We made it! Ivy's room is ready. Bags are packed. Just waiting on babygirl.
35 weeks
Well... Growth scan measured Ivy at 6lbs 5oz. So I guess she's gonna be a chunky butt just like Mama. 3-5 weeks to go depending on how much longer she prefers to cook. I feel like she could come at any moment. Cramping and uncomfortable 24/7. I'm proud of how far my little baby has come. ♡
Excuse my language.
Waiting for the dentist to call me back. I have an abscess or something. Migraine, ear ache, nose bleeds on that side, basically the worst fucking dental pain of my life. Being almost 8 months pregnant with a migraine induced by a tooth ache is hell on fucking earth. Vomited my brains up since 3 am. Begged Jarren to pull my tooth out or kill me. Don't care which.
30w5d
Haven't posted in forever. The baby has a name! Ivy Katherine! She's growing fast, I can constantly feel her rolling and elbowing me. (:
This is the timeline expressions of my day to day life decisions
Can't stop crying.
Waited too late to book the 3d ultrasound appointment for my birthday, so now no ultrasound. I'm so disappointed. It's all just pregnancy hormone snowballed from there. Now I'm crying because it seems like I'm the only one motivated the slightest bit to get ready for this baby. I've begged him to clean his junk out of the baby's room for months so I could get ready. Has he? No. So it looks like I'll be moving it myself and painting it myself and cleaning the rest of the house myself too. Ugh.
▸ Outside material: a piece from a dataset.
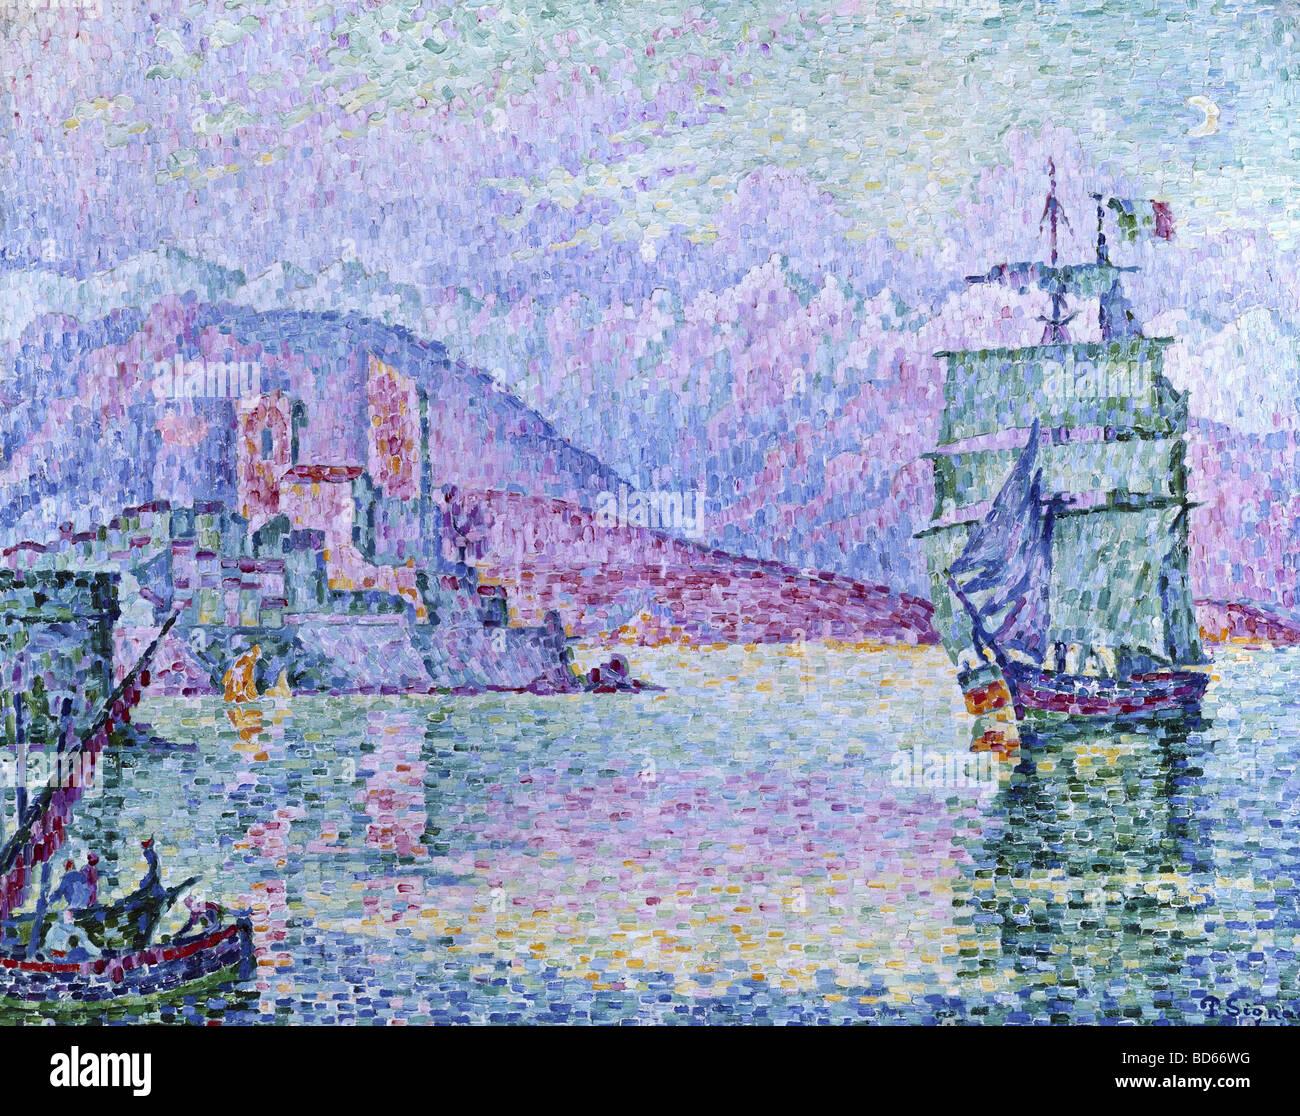 "Belle arti, Signac Paul, (1863 - 1935), pittura, 'Antibes, Sera"", 1914, olio su tela, il Musee de la Ville, Strasburgo, Fra Foto Stock"

I am so depressed and angry today. I just want to get back in bed. I can't stop crying. I just feel like dying.
Sewing some hair bows for Ivy. A nice excuse for sitting on the couch. ;)
Ugh
I got SO SICK last night. I don't know if it was too many sweets or what.. but damn. Broke my 1 month no vomiting streak. My last day off this week and I'm trying to motivate myself to work on Ivy's room. I really just want to sleep.